§ ASSIGNMENT: Since the copy must match the original, write out each record word for word, skipping only the pictures.

[Collection entries]
Start of Block

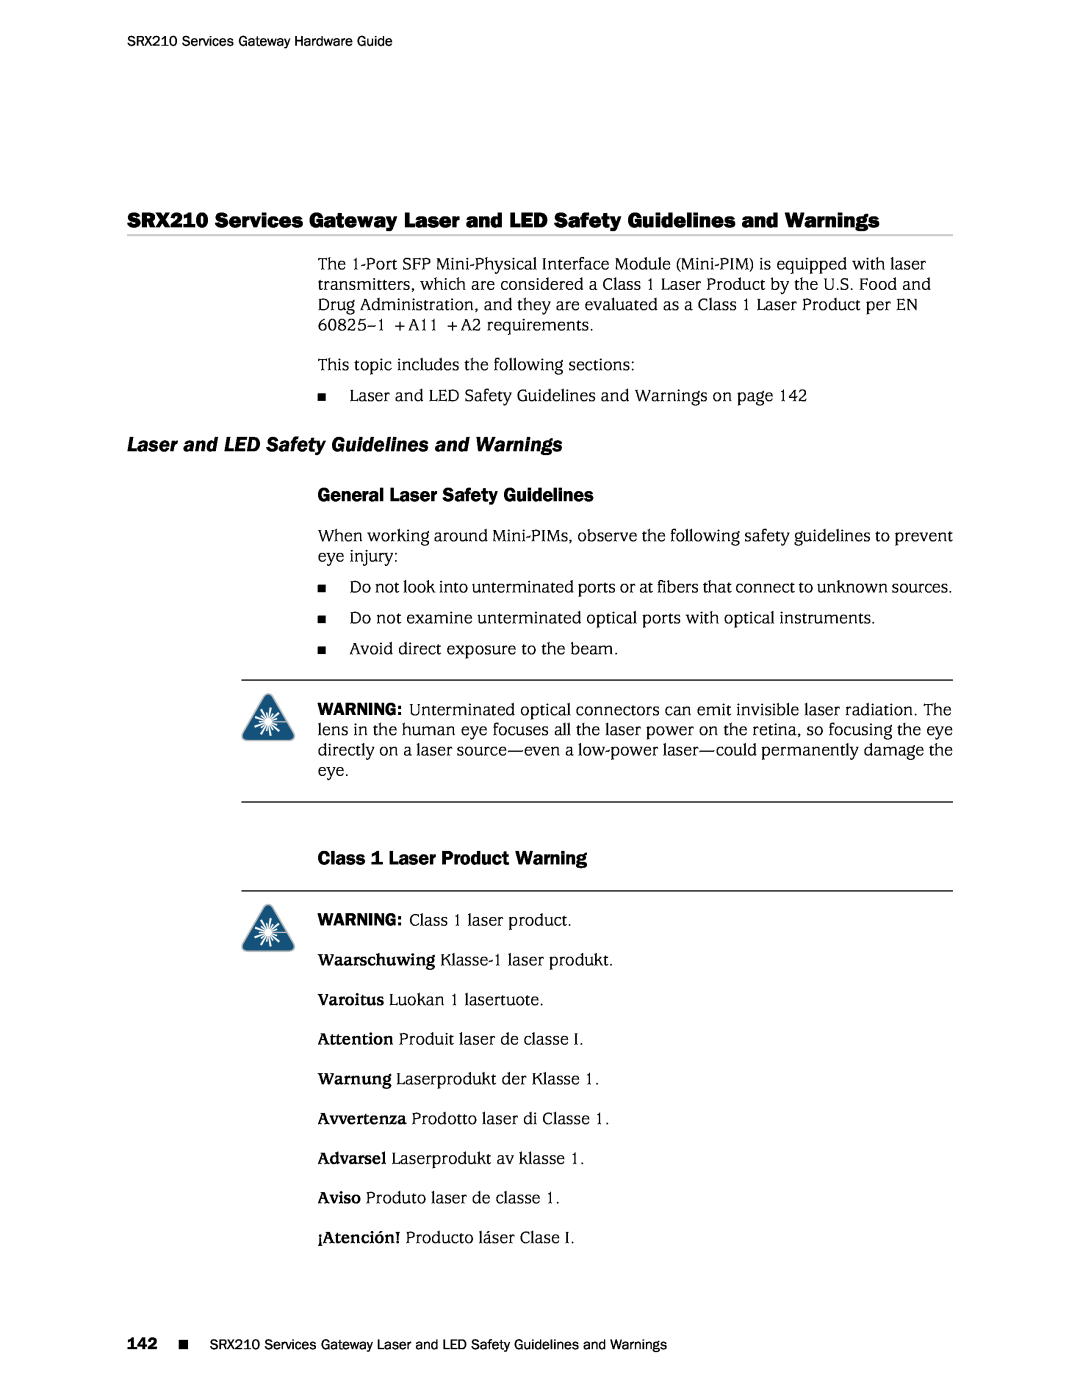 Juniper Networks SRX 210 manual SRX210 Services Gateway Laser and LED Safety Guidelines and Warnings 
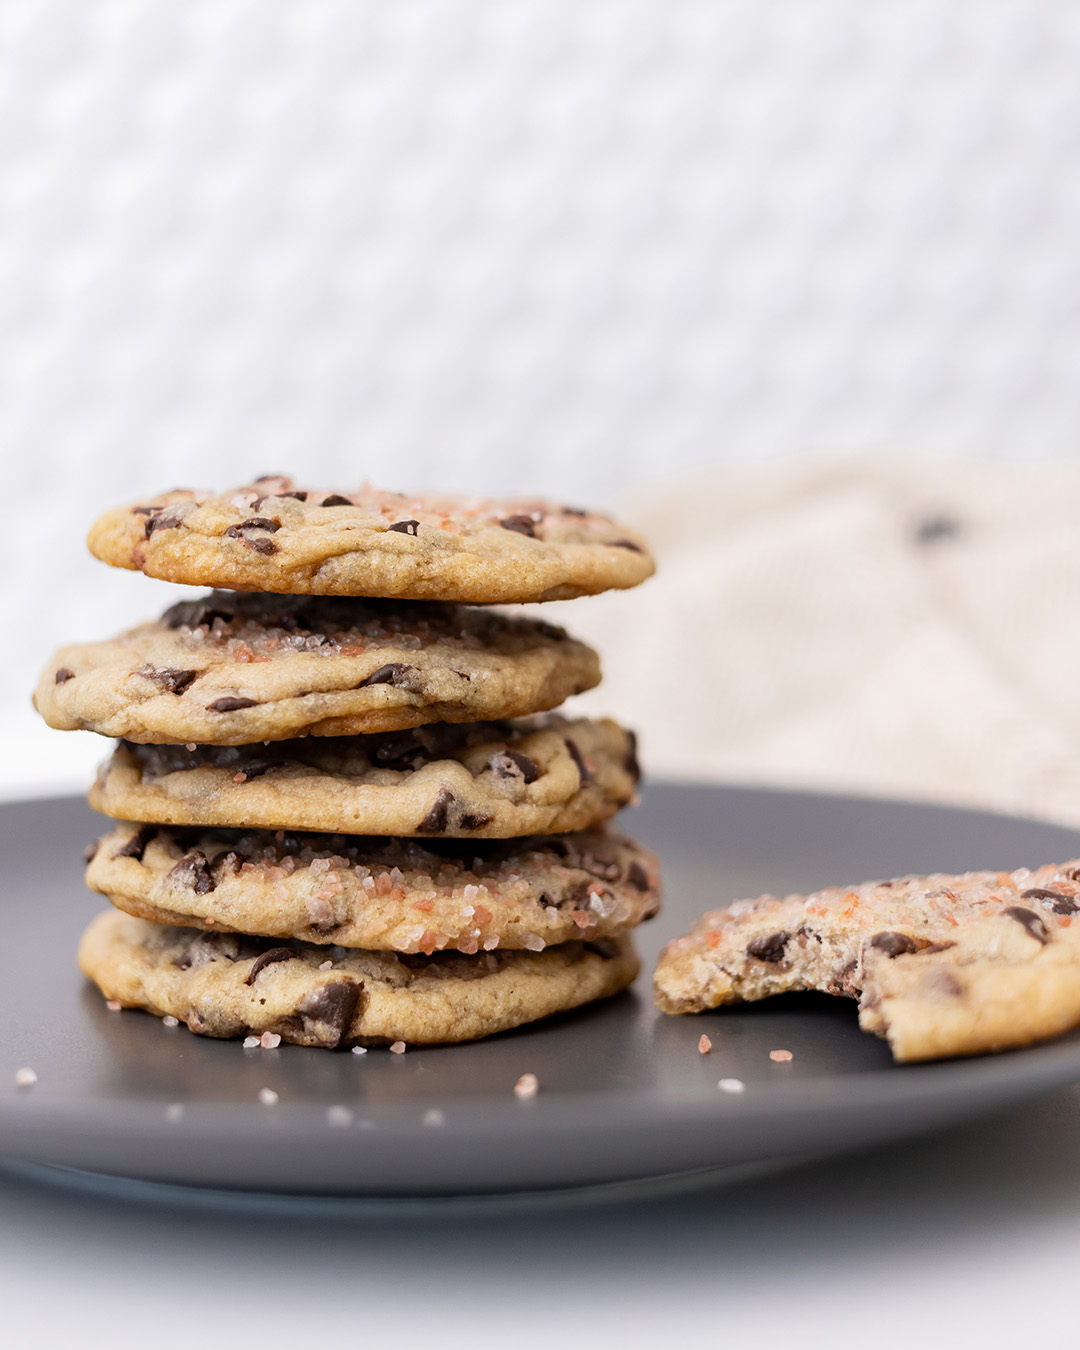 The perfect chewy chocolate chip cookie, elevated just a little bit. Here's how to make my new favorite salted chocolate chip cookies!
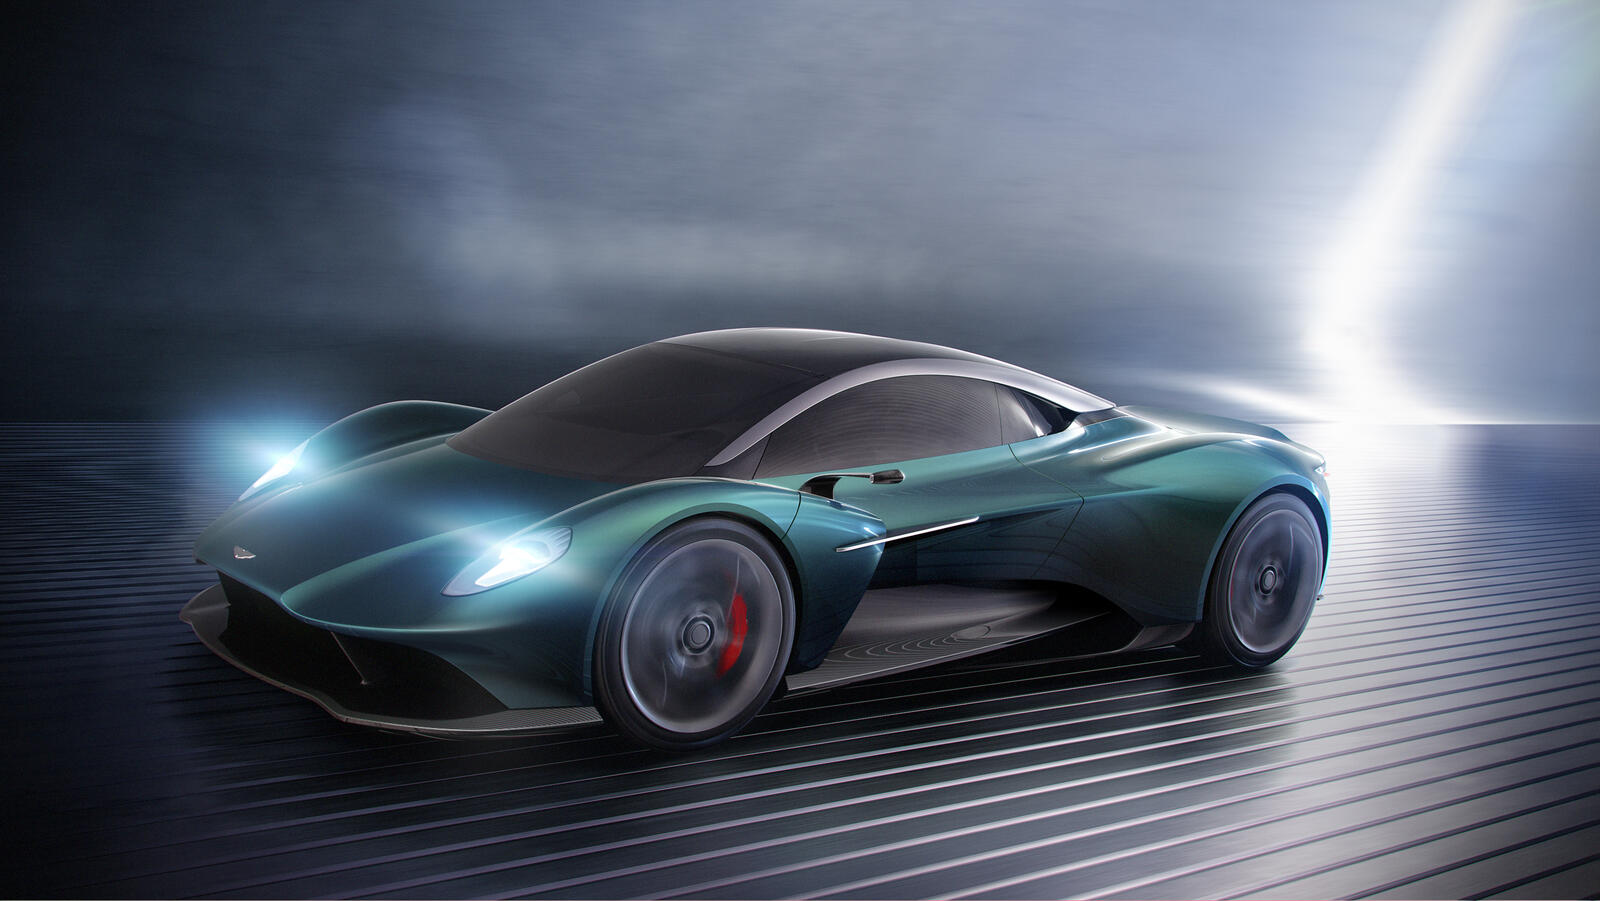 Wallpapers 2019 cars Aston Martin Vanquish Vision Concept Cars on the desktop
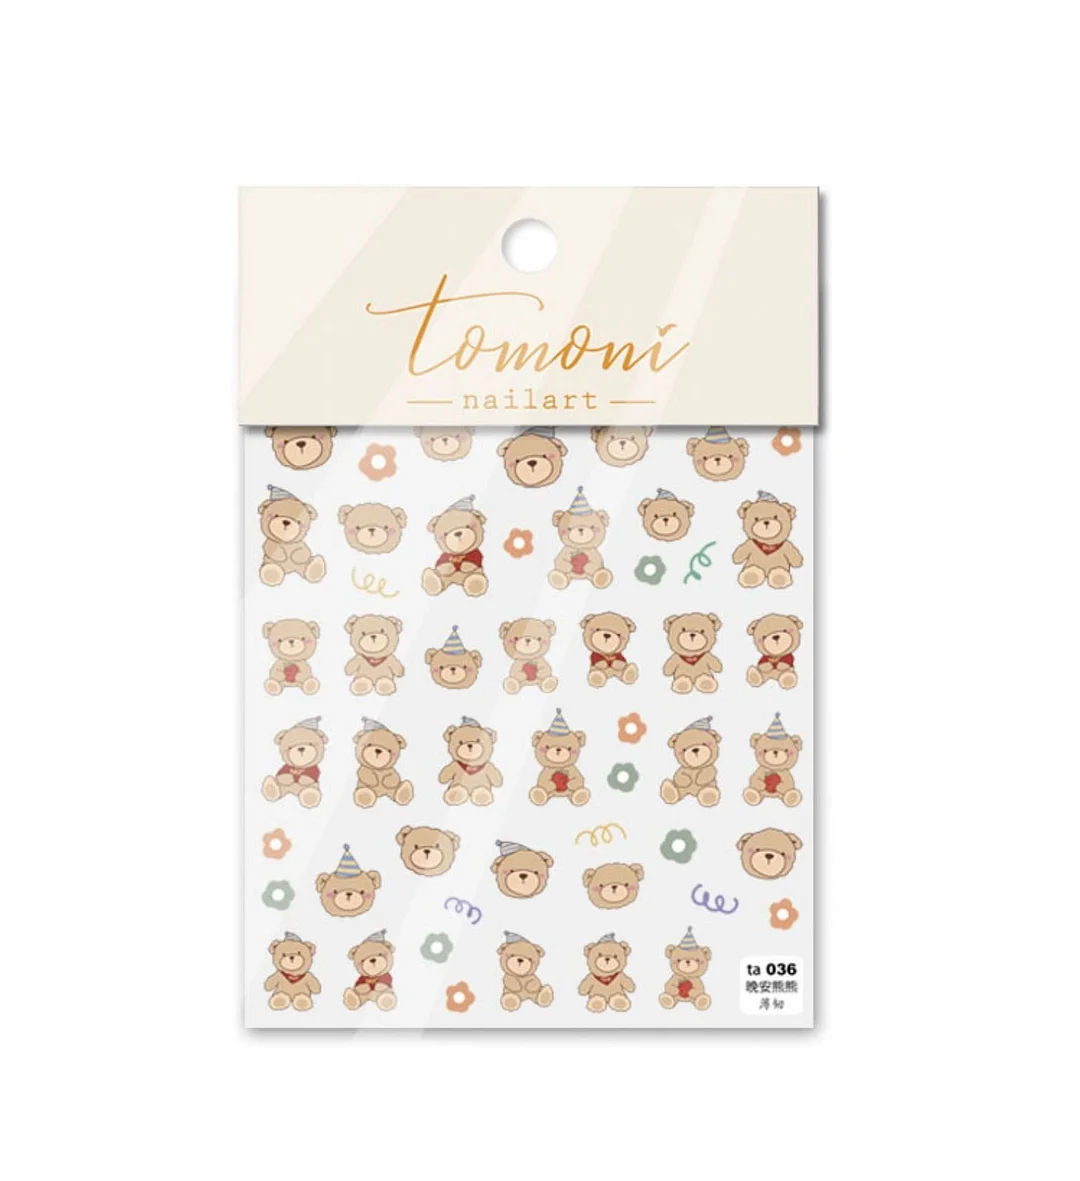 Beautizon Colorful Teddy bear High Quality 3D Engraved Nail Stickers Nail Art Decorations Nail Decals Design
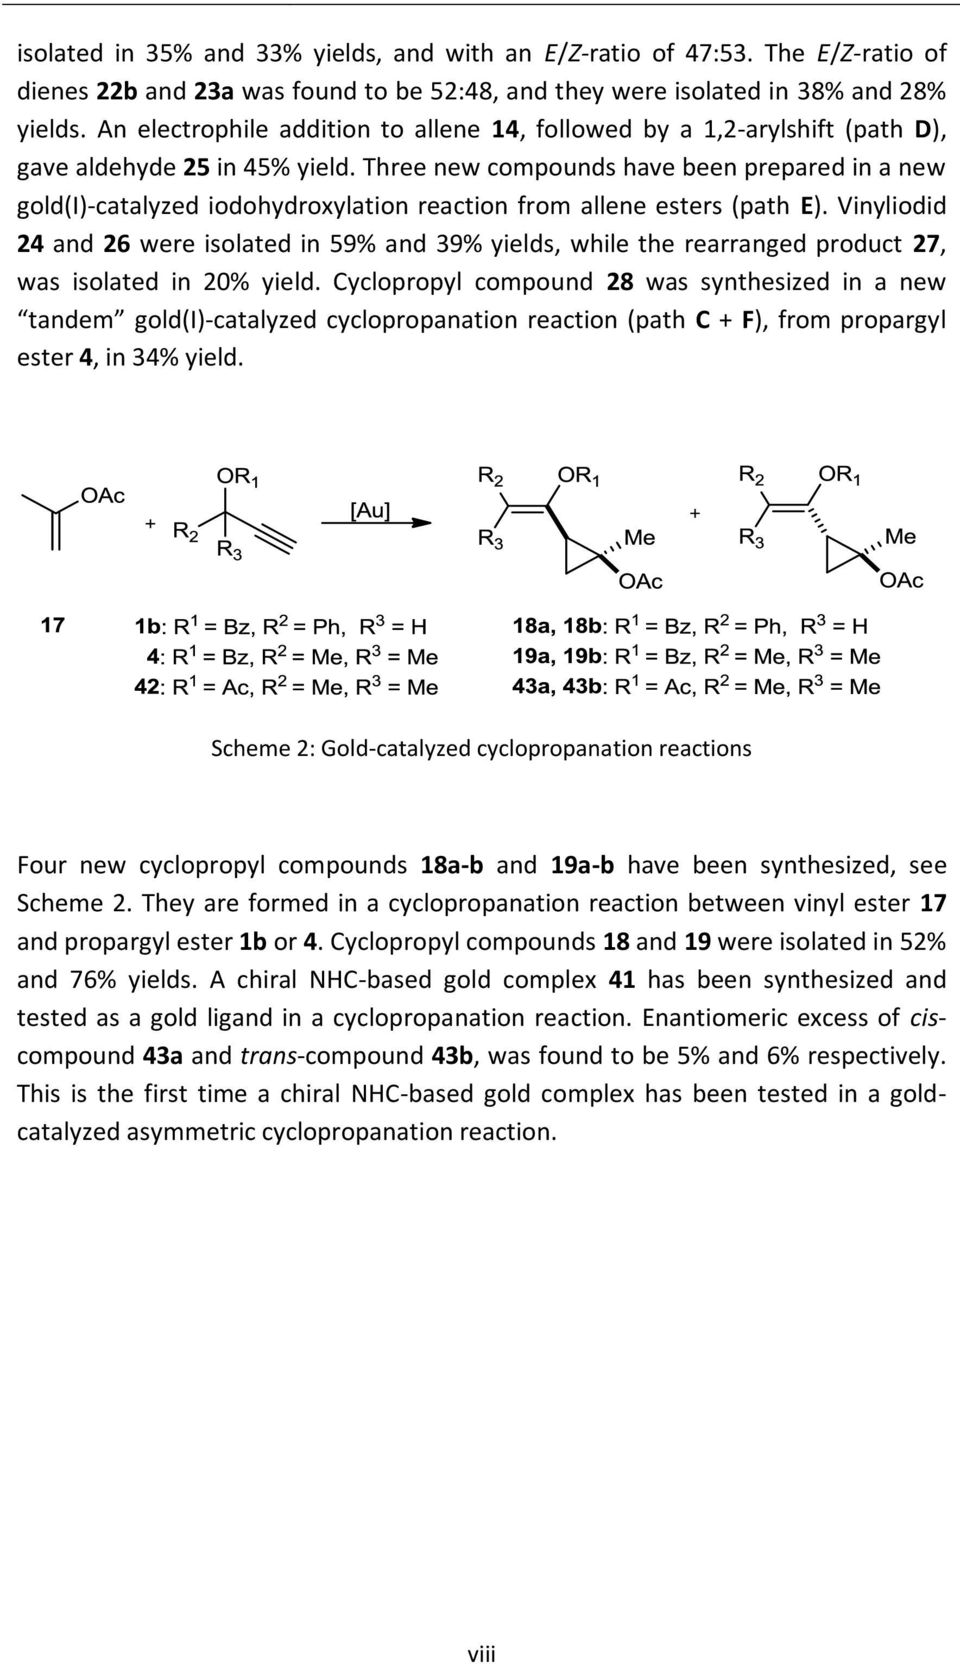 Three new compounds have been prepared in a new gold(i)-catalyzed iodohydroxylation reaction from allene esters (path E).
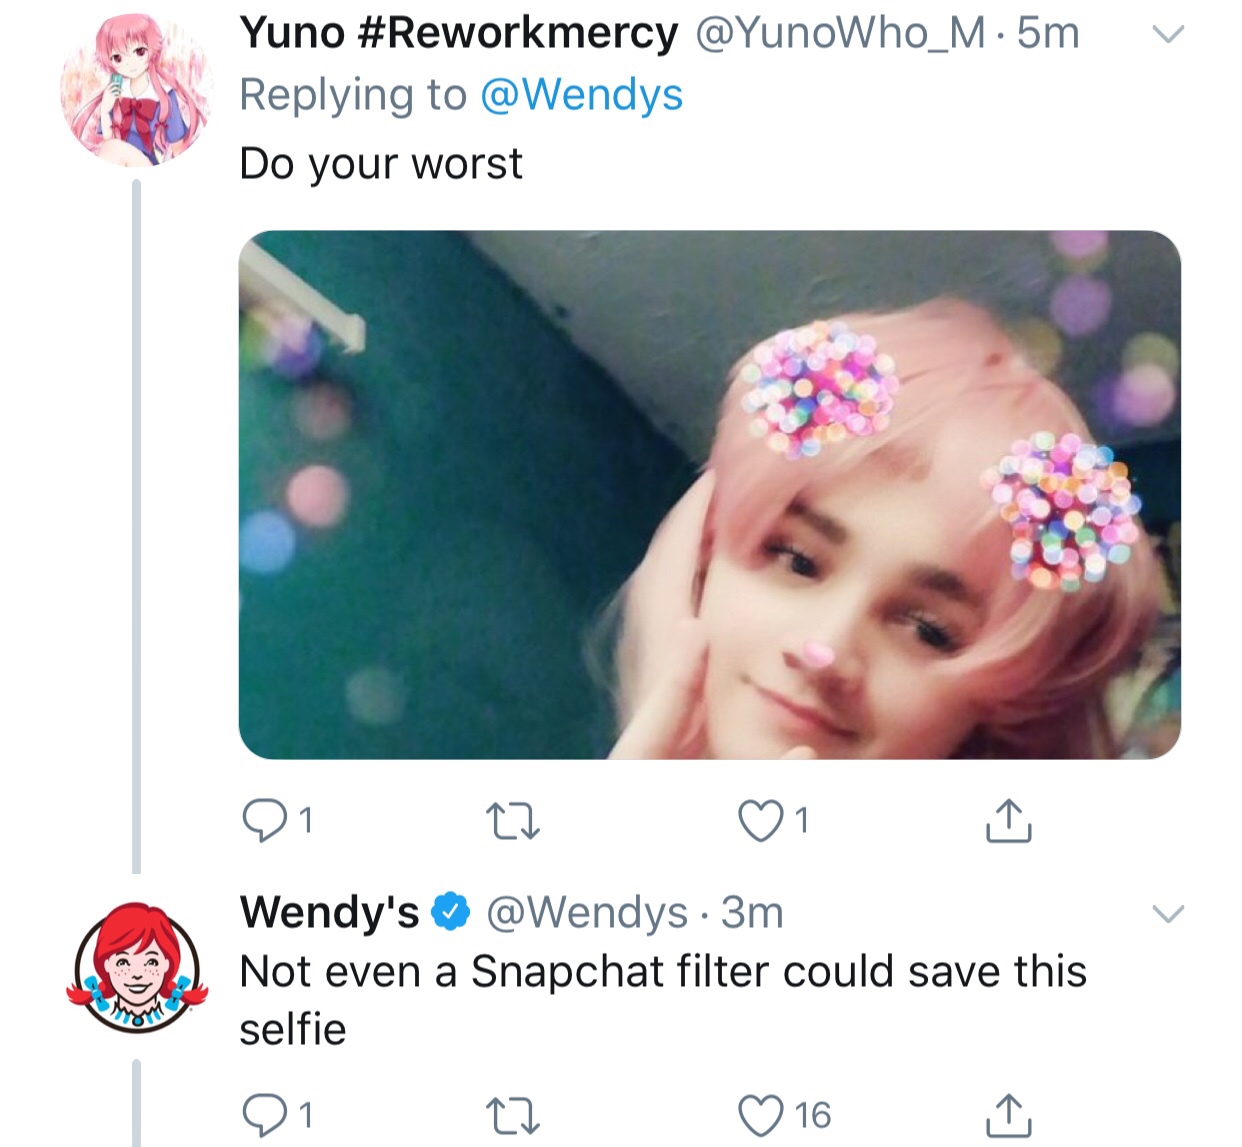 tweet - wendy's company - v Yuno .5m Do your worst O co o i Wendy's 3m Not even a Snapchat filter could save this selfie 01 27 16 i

End of Block

§ FINAL ANSWER:
 Juniper Networks SRX 210 manual SRX210 Services Gateway Laser and LED Safety Guidelines and Warnings 
 The perfect chewy chocolate chip cookie, elevated just a little bit. Here's how to make my new favorite salted chocolate chip cookies!
 Wallpapers 2019 cars Aston Martin Vanquish Vision Concept Cars on the desktop
 Beautizon Colorful Teddy bear High Quality 3D Engraved Nail Stickers Nail Art Decorations Nail Decals Design
 Three new compounds have been prepared in a new gold(i)-catalyzed iodohydroxylation reaction from allene esters (path E).
 tweet - wendy's company - v Yuno .5m Do your worst O co o i Wendy's 3m Not even a Snapchat filter could save this selfie 01 27 16 i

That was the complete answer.